One aspect of the London Central Markets was particularly revolutionary, though largely hidden. All the buildings were constructed over railway goods yards. For the first time ever, meat was delivered by underground railway direct to a large wholesale market in the centre of a city.

This came about because, in 1863, the eastern terminus of the world’s first underground railway, the Metropolitan Railway, had opened at Farringdon. Over the next five years, the Smithfield area was ringed and dissected by underground railway lines and tunnels. The Metropolitan had extended eastwards to Moorgate by July 1866 and to the south had joined up with the London, Chatham and Dover Railway station at Ludgate Hill. This enabled the wholesale market to connect seamlessly with the capital’s railway system, especially the part which ran under the metropolis. From the Metropolitan Railway that ran beneath the market, there were junctions with the Great Western, Great Northern, Midland and London, Chatham and Dover Railway. The Times, on 18 August 1868, described this as ‘ a wonderful piece of engineering skill and adds another to the long list of engineering works which places London ahead of any other city in the world’. In the basement, a number of hydraulic lifts alongside the sidings raised the meat that arrived on railway waggons up to the market floor above.

Viewed from the basement of Smithfield  General Market.

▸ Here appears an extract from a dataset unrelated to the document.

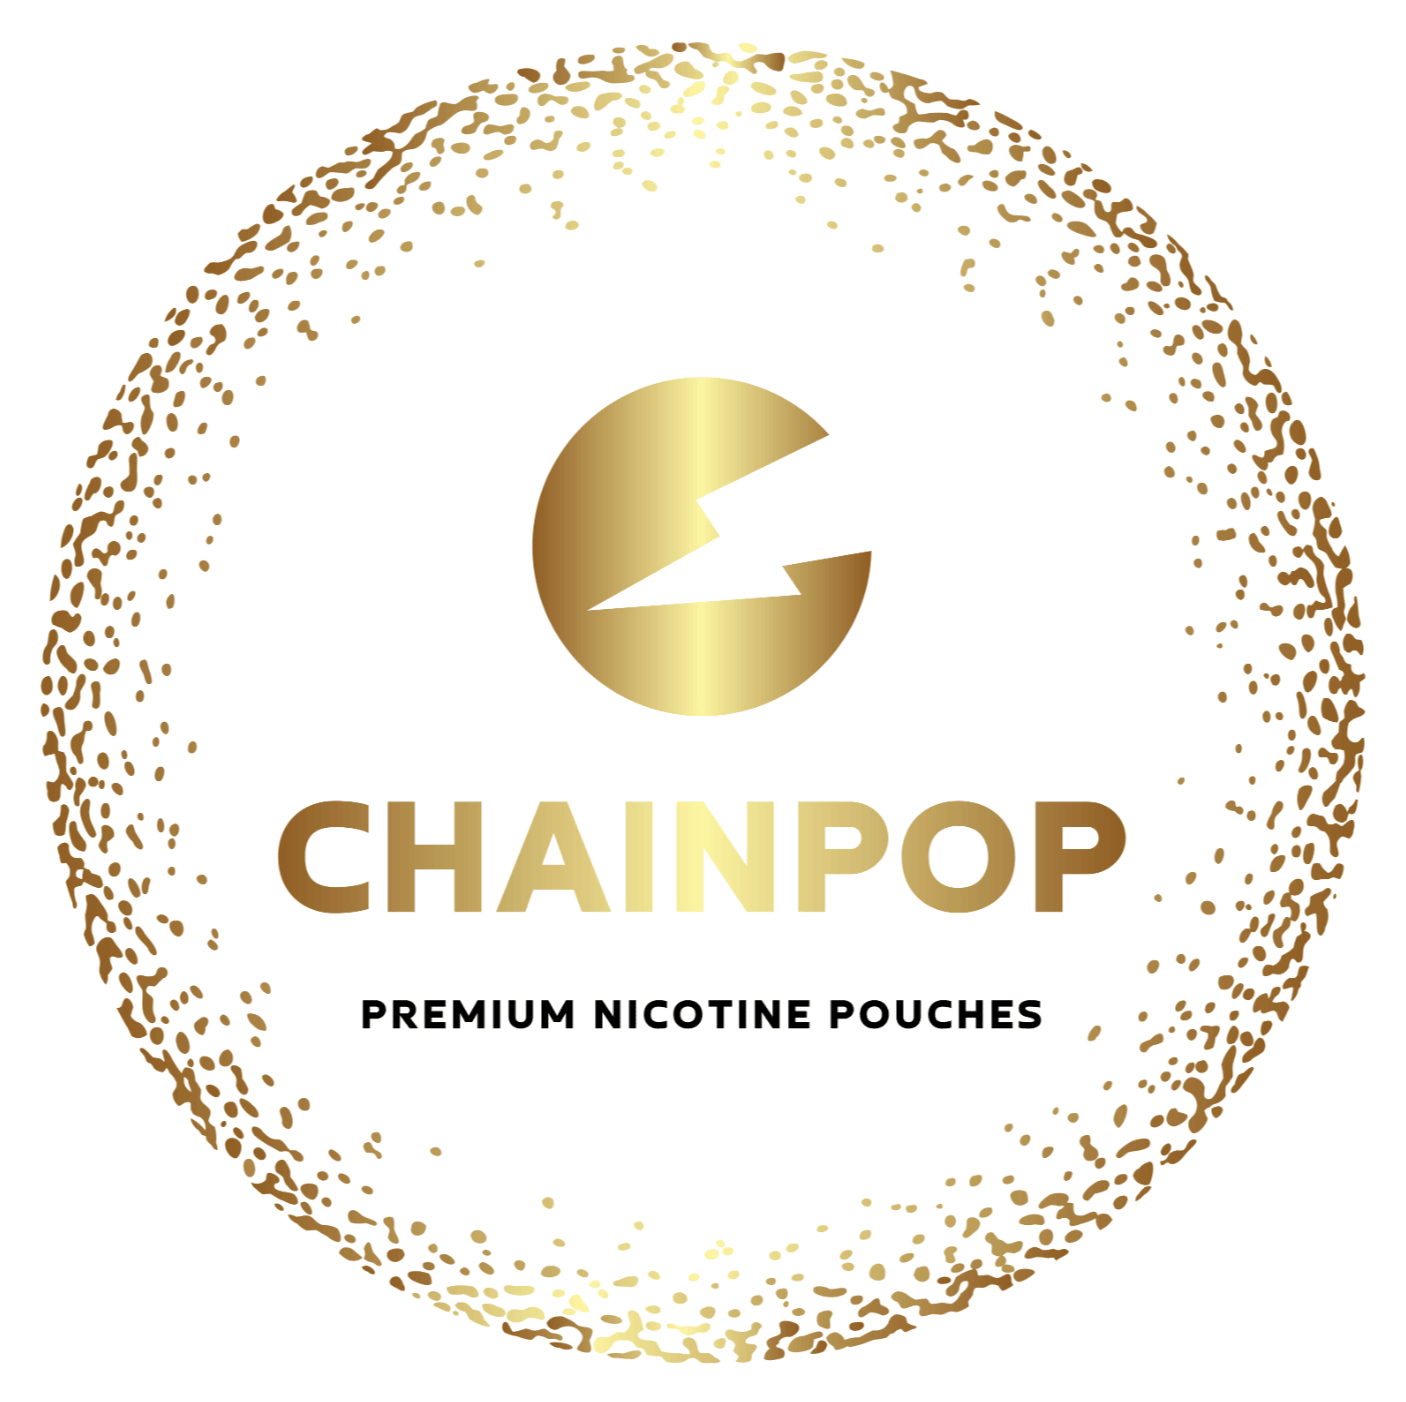 Chainpop nikotīna maisiņi logo

Passing trains viewed from the basement of Smithfield General Market

Standing today in the Grand Avenue of the London Central Markets, it is worth remembering that under one’s feet there is an elaborate system of brick arches, wrought iron girders and cast iron columns supporting the roadway and the buildings on either side. 150 years ago the first of the great markets buildings at Smithfield opened, linking up with the underground railways of the capital. And in a few months’ time, the Elizabeth Line will carry its first passengers to Farringdon Station. This immense underground achievement of the 21st century rivals that of our Victorian forebears who laid out and created the wholesale meat markets at Smithfield and the world’s first underground railway.